Building a great notes product isn't picking the newest model. It's orchestrating three models in the right order and knowing when each wins.
Layer 1 — Transcription
We start with Whisper Large v3 (OpenAI) self-hosted on our own GPUs. Reasons:
- Native multilingual (>90 languages at good quality).
- Noise robustness with no commercial equivalent.
- Predictable cost when we run it.
For long audio (>30 min), we pre-segment with VAD (voice activity detection) so the model doesn't drift. For mixed languages in the same meeting, we detect per chunk and send each to a specific pass.
Layer 2 — Diarization + alignment
As we covered in the dedicated article, this layer is in-house: embeddings + clustering + prosody. The output is Whisper's transcript enriched with speaker labels per turn.
Layer 3 — Synthesis (LLM)
Here we use Gemini 2.5 Pro as the main model for three reasons:
- Long context: 1M tokens. A 90-minute meeting fits without truncation.

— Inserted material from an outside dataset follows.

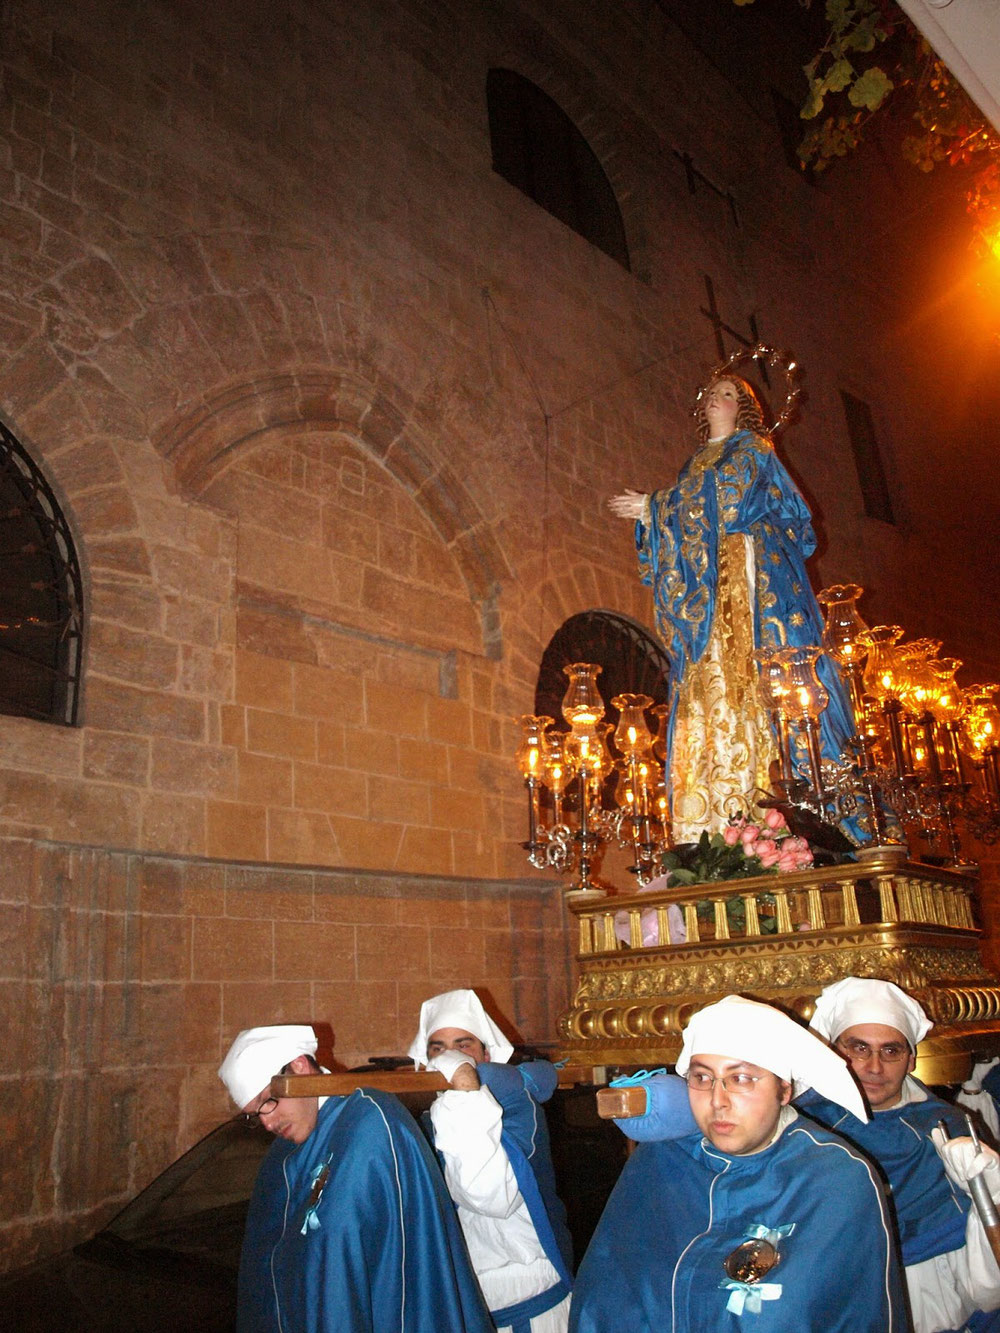 La Processione passa davanti all'ex convento di San Francesco, è visibile la sagoma del vecchio portale della Chiesa

- Spanish quality: in our benchmarks, it beats GPT-4 on real Spanish meeting summaries.
- Cost/perf: when push comes to shove, it does what premium models do at lower cost.

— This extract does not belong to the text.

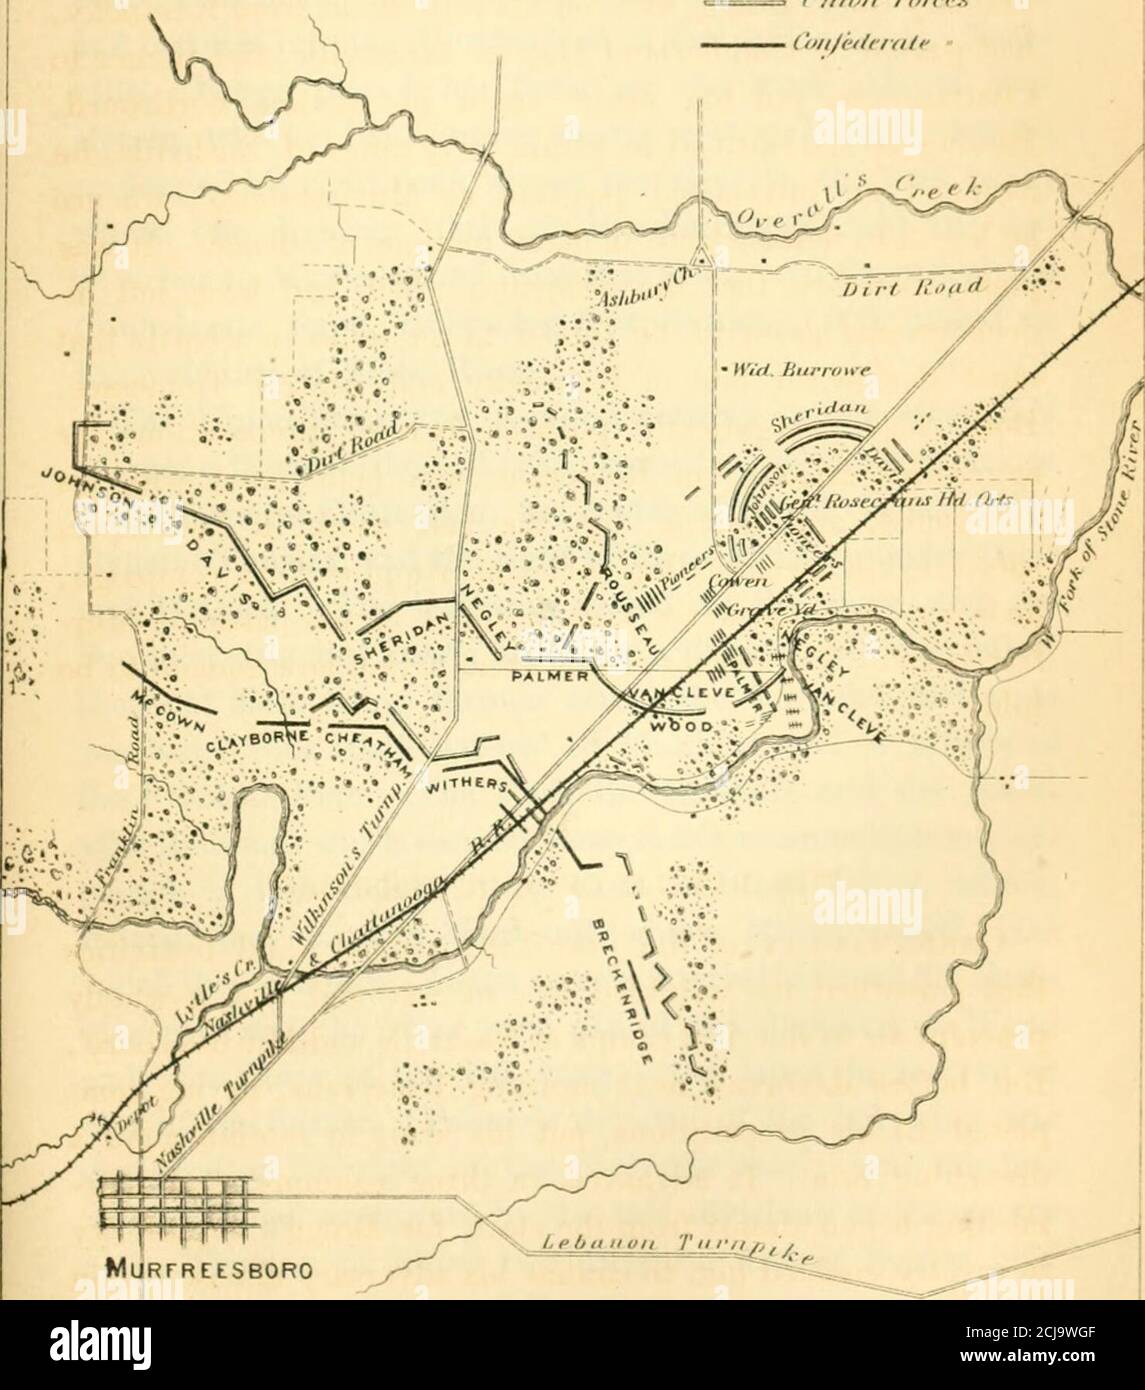 Le dodici battaglie decisive della guerra; una storia delle campagne  orientali e occidentali, in relazione alle azioni che hanno deciso la loro  emissione. Y e Tennessee centrale. Entrambe le parti hanno

For specific tasks (task classification, date extraction) we use smaller, cheaper models — you don't need a cannon for that work.
Layer 4 — Chat over the note
This is the layer we're most fond of. We use embeddings retrieval over the transcript + diarization: when you ask something, we retrieve the exact fragment and feed it to the model. That means answers have verifiable citations (timestamp + literal text).
The principle
Each model sits where it's best, not where it's flashiest. The stack gets updated when a new model wins real evals vs. the current one — not when an announcement drops.